On the other hand, I don’t think it’s necessarily a question of adopting a sort of moralistic posture; “I will never call the police.” There are structural reasons that people do call the police, sort of in the vein of what you mentioned. If your car gets stolen, your insurance company is going to require some kind of police report. Some things that you can do, for example though, are go into the police station to file the report. Don’t call the police to come into your neighborhood. Don’t invite them into your neighborhood to sort of chase and racially profile people to try to find your car, that they probably won’t find anyway. So, there’s some considerations to bear in mind.

But the bigger question is; we do not have alternatives for people. So, at the same time it’s important to remind people that police do not help the vulnerable. They do not help women. They inflict far more violence on women than they prevent. They engage in far more domestic abuse than any other occupation. They systematically target women on the job in ways that are violent and sexually violent.

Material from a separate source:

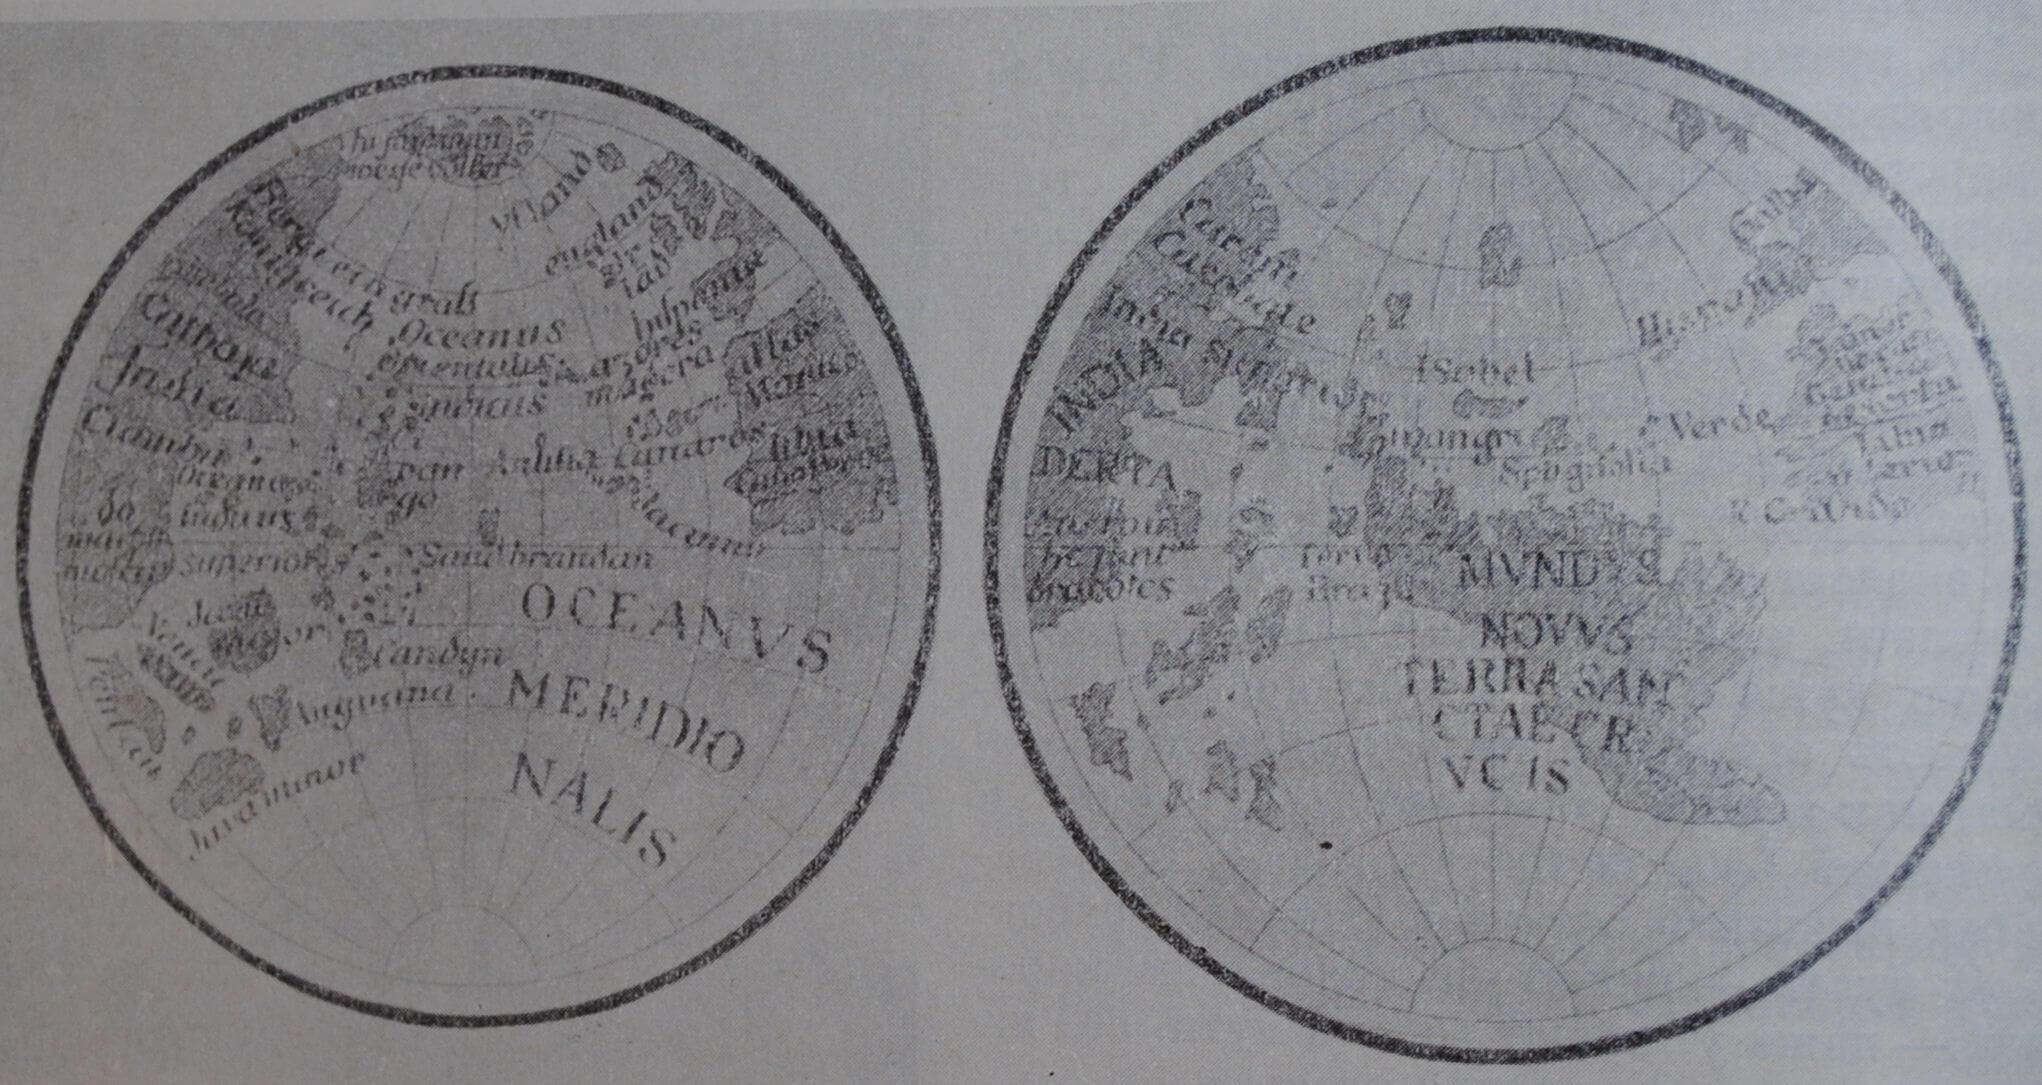 1. Глобус Мартина Бехайма 1492 г. (до открытия Америки). 2. Глобус Ленокса 1510-1512 гг. (после открытия Америки).

It’s worth reminding people that, at the same time, we know that people are going to call the police in a society that’s built on policing. In a society in which we have no other options. But always keeping the reminder out there that maybe it’s not the best option. This points toward the really broader task; what kind of neighborhood structure is best? And you pointed to a good one. It’s what I would call a Rapid Response Network. What would it take for you to build that on your block? So that if something happens, if the police show up, you can let other neighbors know so they keep their eye on them more. So they can make sure they’re safe.

Or more fundamentally and more ambitiously; what would it take to use that structure in a case where there was a domestic dispute? Or in a case where there was a potentially violent disagreement and conflict on the block? So that others can be called. People show up, intervene, and de-escalate the conflict. Because it’s people that you live with. And it’s your community members that understand that everyone’s part of that community. It’s not the police who show up who don’t care whose nephew, son or niece this is, and drag them off to jail. It’s neighbors who understand the importance of engaging people as valuable members of society. That’s the kind of society we need to build.”

 

ENVISION, IMAGINE & BUILD 

JM: “This movement has exploded these last two years worldwide. I’ve never heard so many people all over the world saying, “We need to end policing as it is and create real community safety.” You mentioned earlier that you have an optimism that you present in the book. And I really appreciate that. You quote Ruth Wilson Gilmore and she says, “Abolition requires that we change one thing; everything.” And you say, “A world without police is not a utopia. It is real. And in some sense, it already exists in our families, in our community organizations, in various experiments globally.” So, we already have an instinct towards freedom and mutual aid and caring for ourselves without people aiming guns at us.”

 

Geo Maher: “Absolutely. And part of the problem is that we’ve been told that a better world, an egalitarian world – a world without police and world without prisons – we’ve been told that’s impossible so many times that it seems unthinkable. But again, these things are only unthinkable until you start to think them. Start to envision them, start to imagine them. And then start to build them.”

 

JM: “We’ve been convinced from a variety of angles, including psychology and sociology, that people only change their behavior if they’re punished. So that’s the world we live in. And we have developed these systems, really gangs, who inflict that punishment. We just hope we aren’t the ones on the receiving end. So, all of that needs to shift and be dismantled. I appreciate your work and appreciate you making time to speak with me.”

 

Geo Maher: “You’re welcome. Thanks for your work, too.”